McLaughlin said he figures his love of military life has rubbed off on his bride over the four years they've already shared together. 

"I have a deep pride for the service, and I'm so glad it's become part of my new life with Tannas," he said, adding the couple hope to start a family soon. 

They first moved in together in September 2003, the same time the infamous B.C. wildfires sparked. McLaughlin's unit was deployed immediately to help the firefighters. 

"She moved us into our apartment without me... The military has played a very prominent role in our lives since we met, and she's been wonderful about embracing it."


----------



## FormerHorseGuard (25 Jun 2006)

Congrats and hope the future is ood to both of them.
wedding tanks and carriers what a  day to remember


----------



## Hot Lips (25 Jun 2006)

Congratulations and God Bless

It sounded like it was a wonderful day indeed

HL


----------



## Canadian.Trucker (27 Jun 2006)

That is an awesome story, I wish them all the happiness they deserve.  Tanks and APC's for a wedding, outstanding.


----------



## Elisha (27 Jun 2006)

I had the pleasure of meeting this couple one afternoon as I was shopping at ikea.  We started talking as they were finishing up final touches on their wedding.

They were very excited about having the chance to use the military equipment for their wedding.  

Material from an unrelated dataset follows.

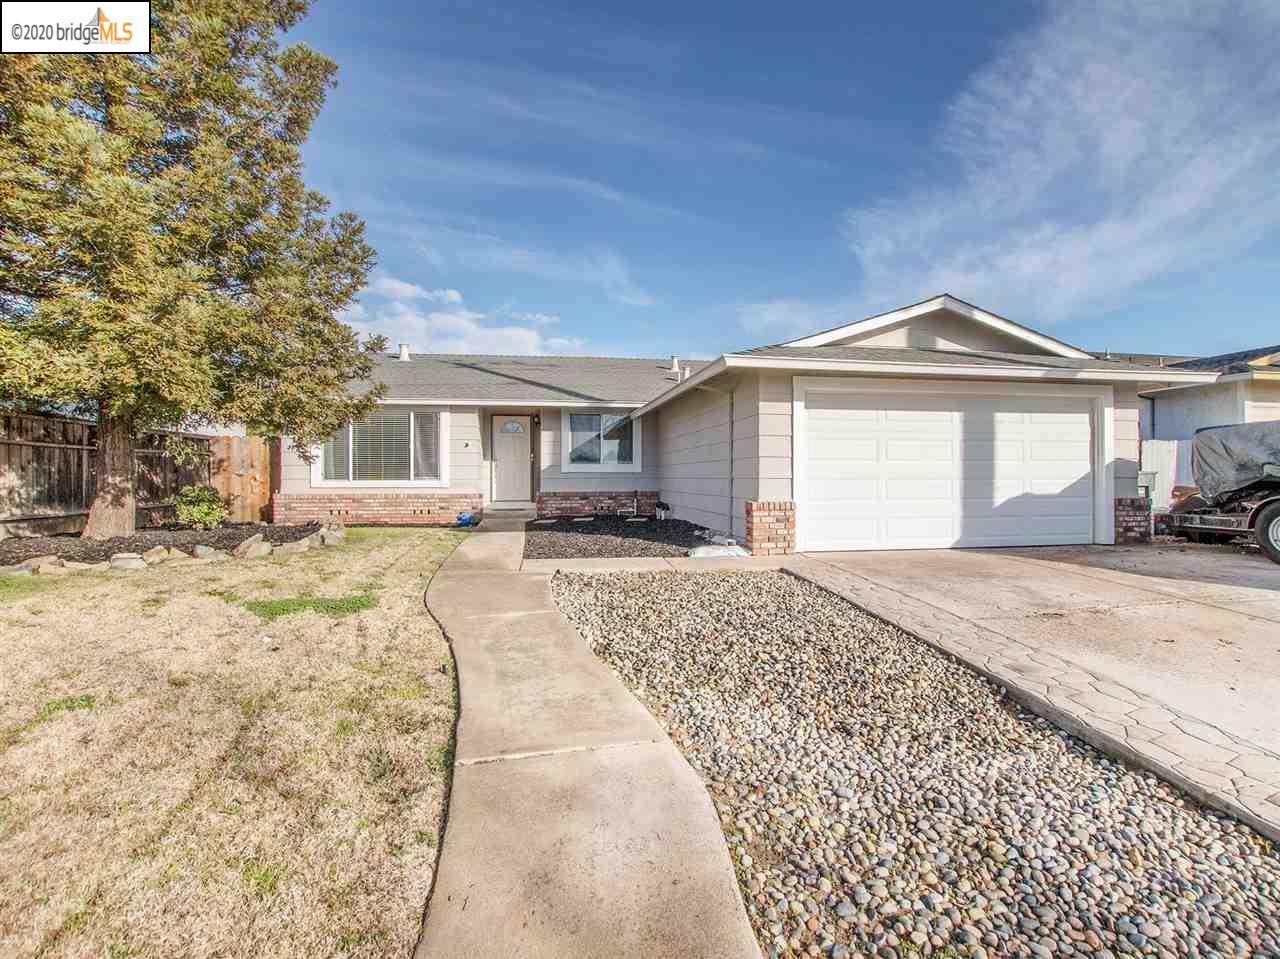 968 W Cypress Rd, OAKLEY, CA 94561

They were such a wonderful couple.  Congrats to them on a very special day.  Definatly one that goes down in the history books.  

Elisha


----------



## boots (29 Jun 2006)

This story really made me smile. 
Thank you for posting it.


----------



## CDN Zipperhead (29 Jun 2006)

Brings back memory's for me. My first date with my wife, I taught her to drive the Leopard. Driving around and around and around the North Marg in Germany. It must work, we've been married now for 21 years last week.


----------



## Rhibwolf (6 Jul 2006)

I took mine to the field with 1RCHA. She fired guns, drove guns and carriers, helped with CP duties, and had a good time. Still together, so perhaps its the cordite// Good luck to the new couple


----------



## Dissident (6 Jul 2006)

boots said:
			
		

> This story really made me smile.
> Thank you for posting it.



Ditto

Have a good one.


----------



## Centurian1985 (6 Jul 2006)

Well done!

Kudos to the higher levels for supporting their wishes!


----------



## Proud Strat (22 Aug 2006)

My thanks goes out to one and all for all the kind words and encouragement.

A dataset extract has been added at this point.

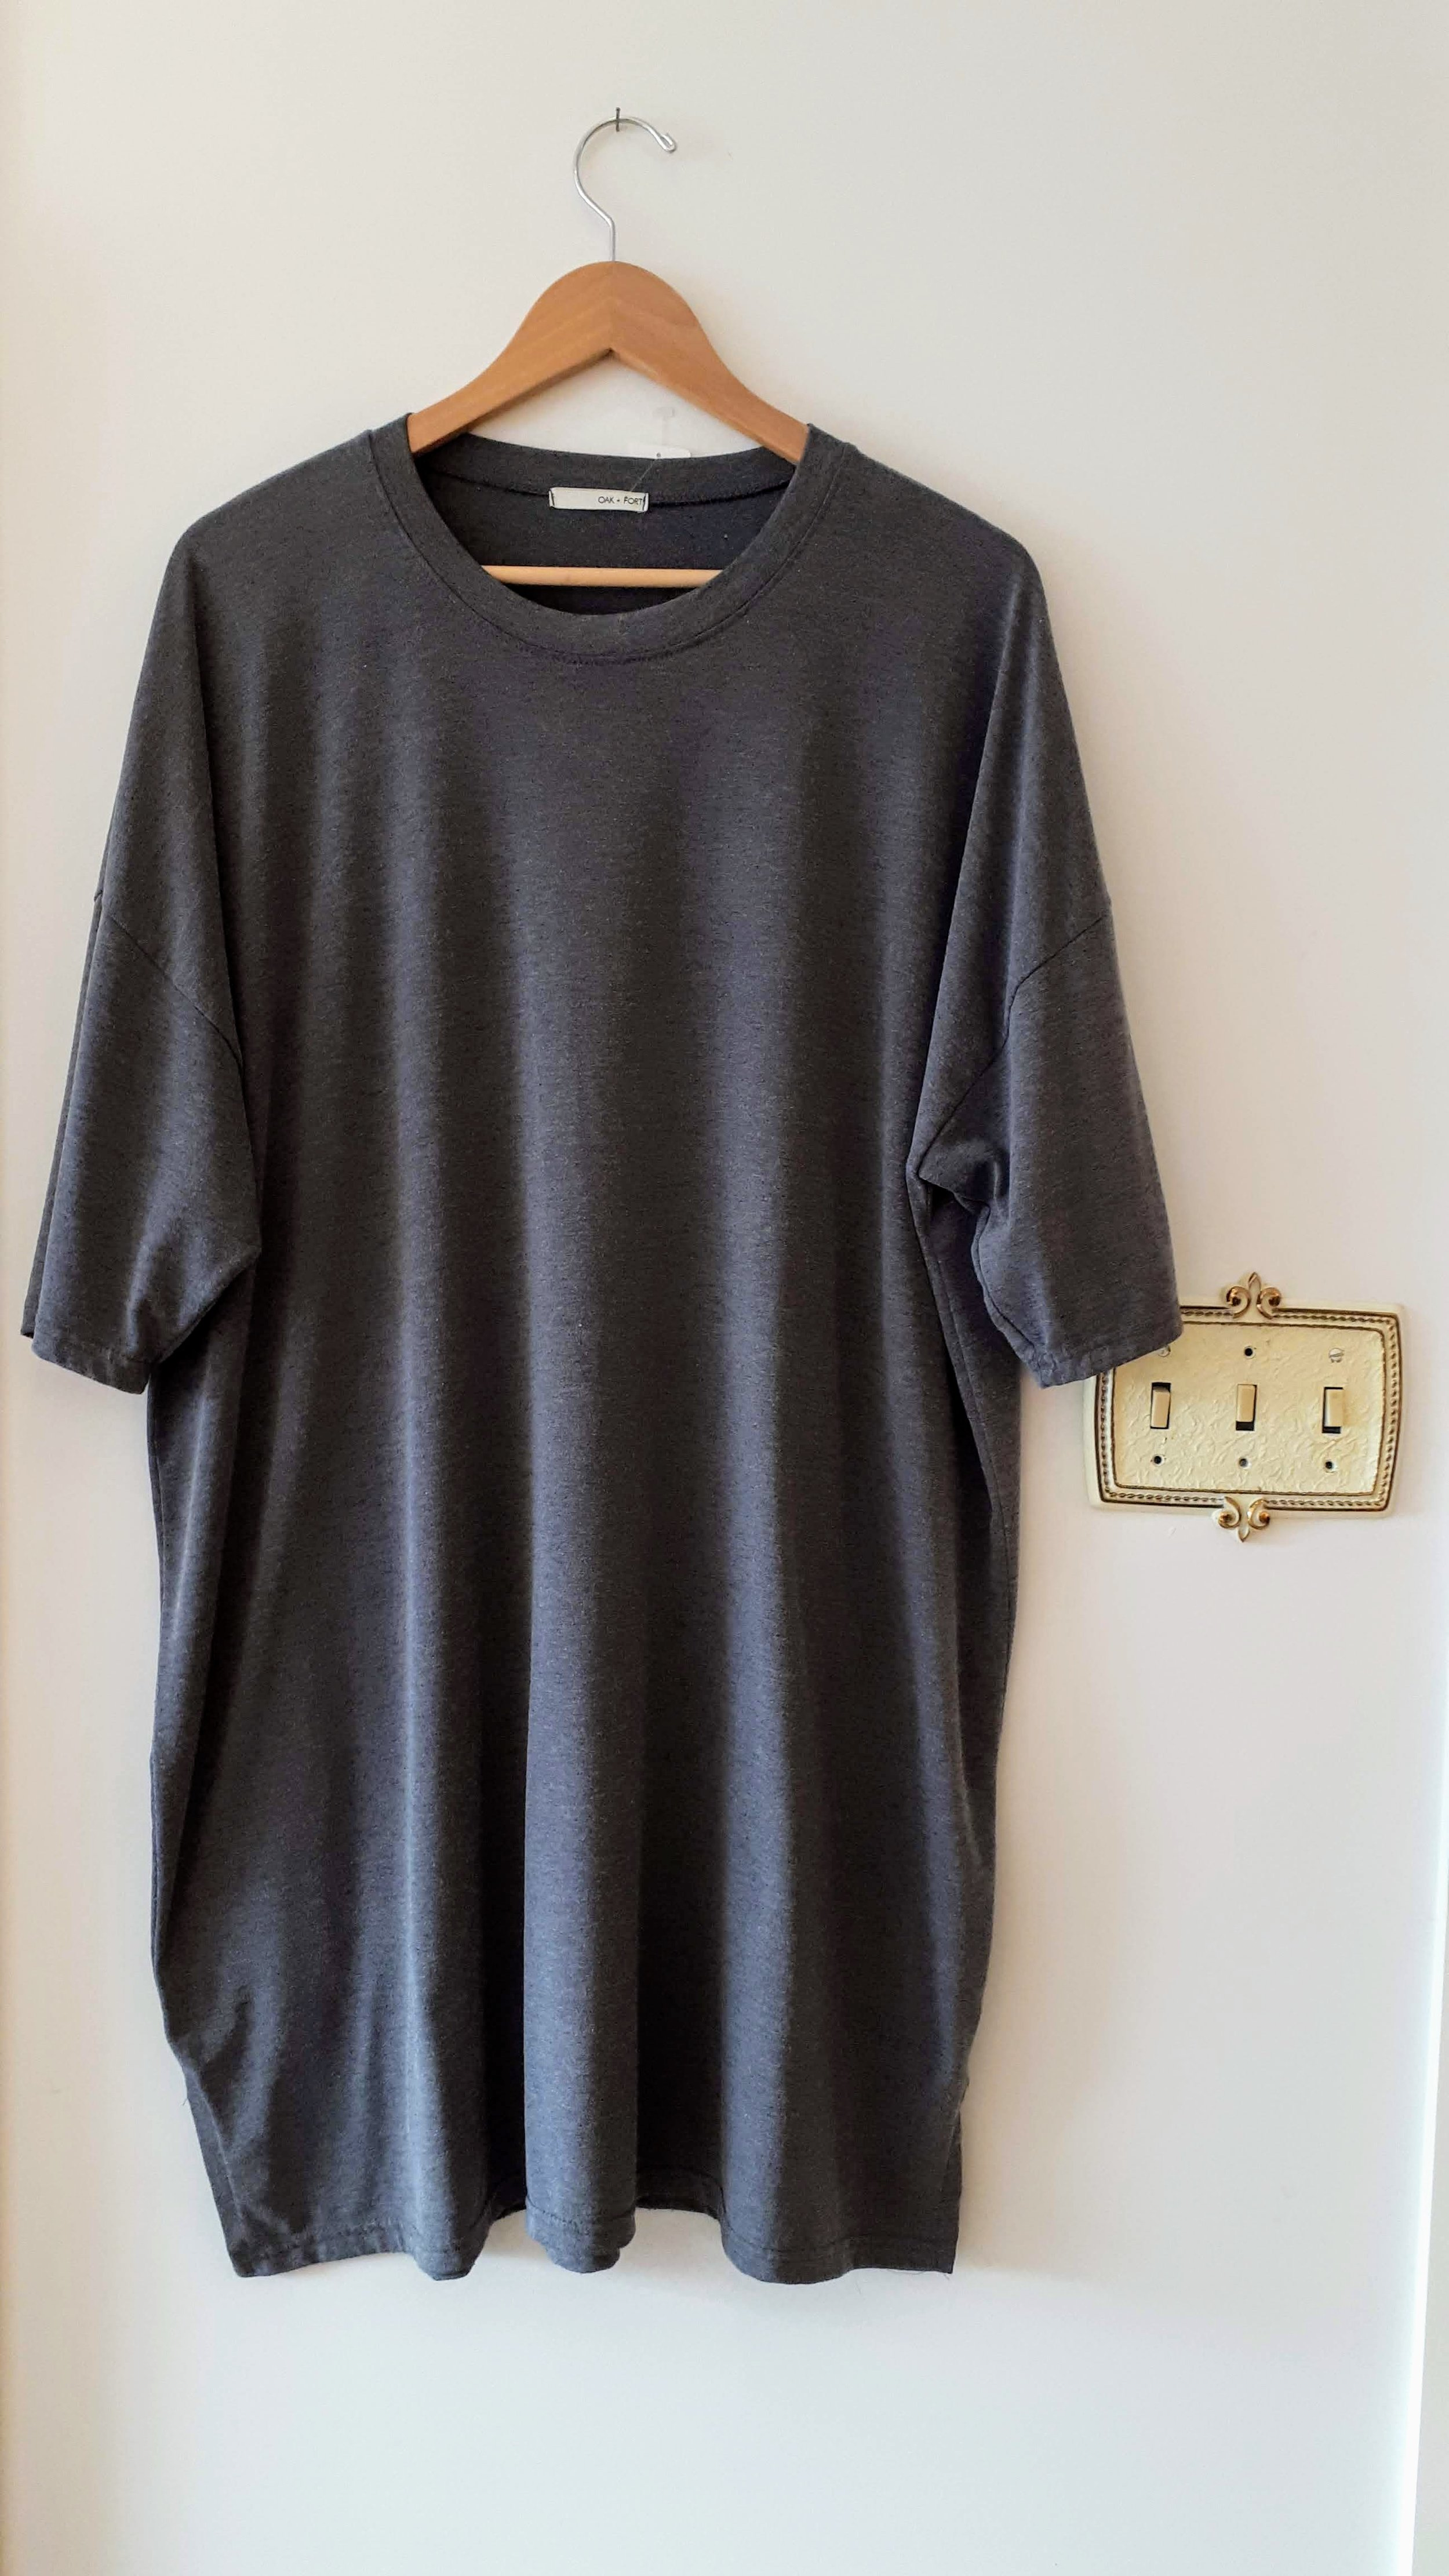 Oak+Fort dress; Size M, $52

We (Tannas and myself) met Elisha and she is a very kind and lovely lady. I wish you the best as well.

This was the proudest day of my military career, looking at the 2 Leopard tanks in front of the church where in 1 hour's time myself with my newly married wife would come walking out. 

It is very rare when one can share the things that make a person tick with someone so close to yourself. I had the fortune of sharing not only this with my new wife, but with all our friends and family as well. 

Upon seeing this post when a friend of hers googled a search for our wedding, I now have the honour of sharing this day with you all as well. God bless you all and thanks again.

A very special thanks goes out to the Lord Strathcona's Horse (Royal Canadians) for everything the Regiment did to make it a day that will be remembered for all days to come.

A very Proud Strat.
Perseverance


----------



## Elisha (22 Aug 2006)

What a great memory to have.  Congrats to the both of you!


Elisha


----------